ノリ・グルーブを出すミックスに脱帽。特に、細かいサウンド選びが秀逸。Rez という音楽とシューティングが一体になった好きなゲームがあるんだけど、そういうシューティングをしながら聴くか、HOUSE のように長尺なライブトラックのワンシーンとして聴いてみたい。あ、リッジレーサー的でもあるね。エンディングの遊びもグレイトです。Gadget Sonic の楽曲をメドレーで繋げたいね。
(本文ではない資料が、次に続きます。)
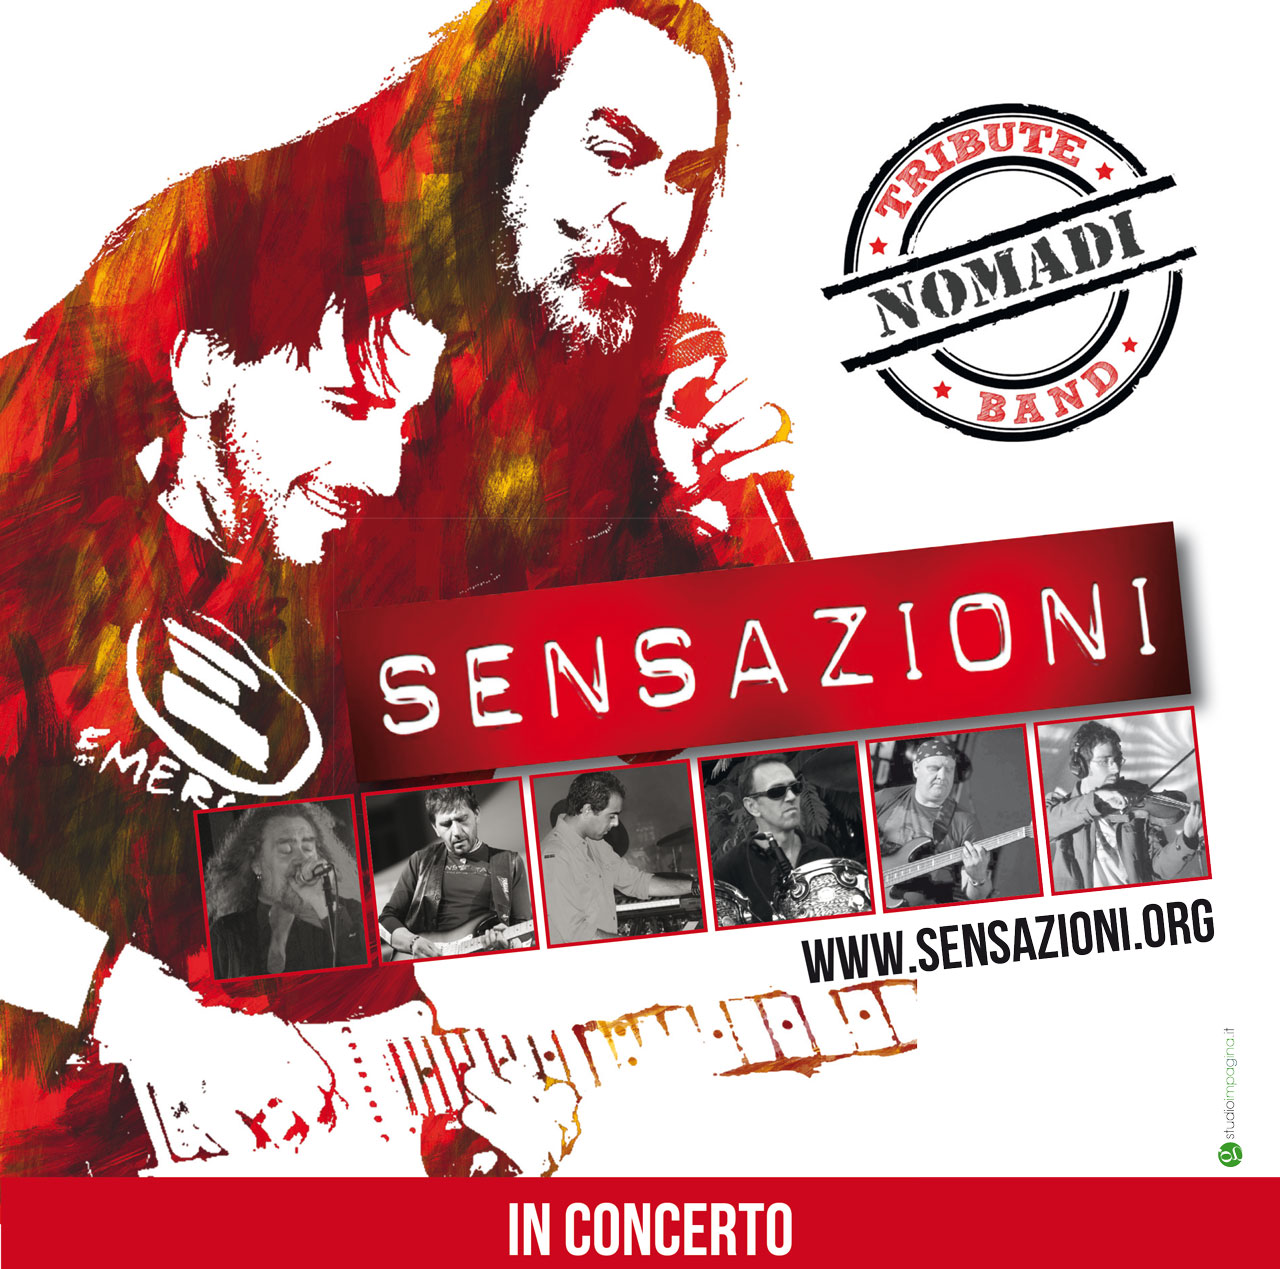 Sensazioni, la cover band dei Nomadi, a Borgo San Dalmazzo.
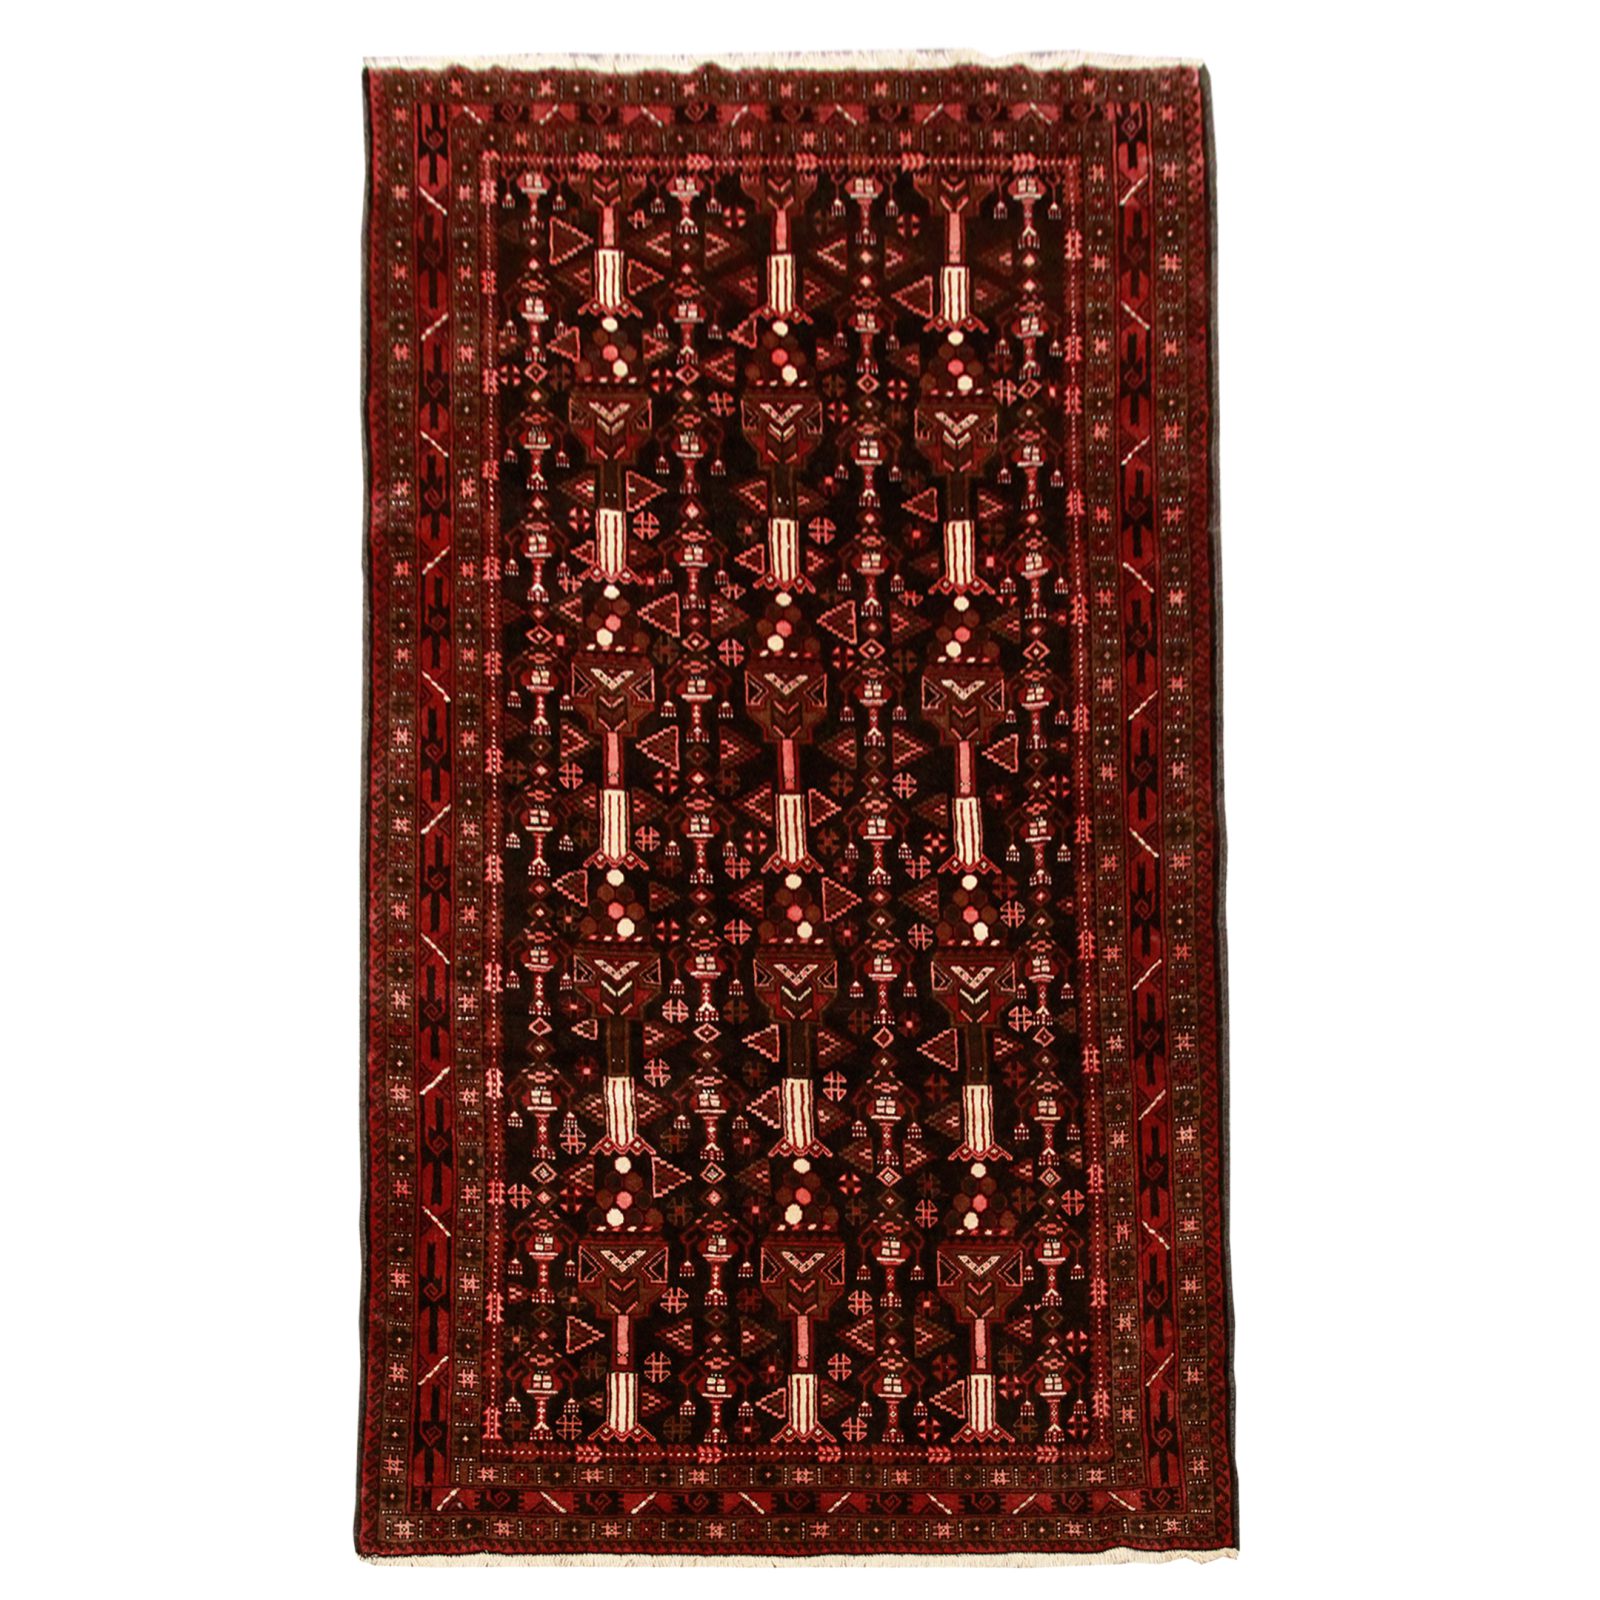 فرش دستباف بلوچ طرح گلداني سایز ميانه۳٫۰۴×۱٫۴۵ رنگ زمینه سرمه اي رنگ حاشیه لاكي کد ۴۵۳۱۶

potatomahawk(ぽてまほ)「Meteorshadow / 星影と 韴霊と 行き着くは」

はいはいはい、来ましたねー!今年の夏も聴けてよかった。potatomahawk さん独特の節まわし、懐かしいぜ。切ない感じだけどハイスピード。この2つの要素の組合せで楽曲は前向きなメッセージとして加速する。中間部からのダイナミック展開でエンディングにたたみかける。ピアノ、そしてメロディのシンセが全力でイイ。やりますね 😎

Taisuke Yasuda「summer dream」

キックがいいね。こういうの好きです。SH-101 みたいなシンセのパターンもいい。中間部から入る揺れるシンセもいい。後半はもっと盛り上げていきたいけど、これくらいに抑制的にすることでノレる感じになっているのかも。繰り返すパターンに中毒性がある。サンクラには 2トラックしか上がってないけど、今後の創作にも期待。

次回に続きます

GADGET SONIC 2023 WAVEFORM LAB PICKS はエントリー・シーズンに合わせて 4回構成を予定しています。サンクラや YouTube など、Like を付けていっています。今後ともよろしく。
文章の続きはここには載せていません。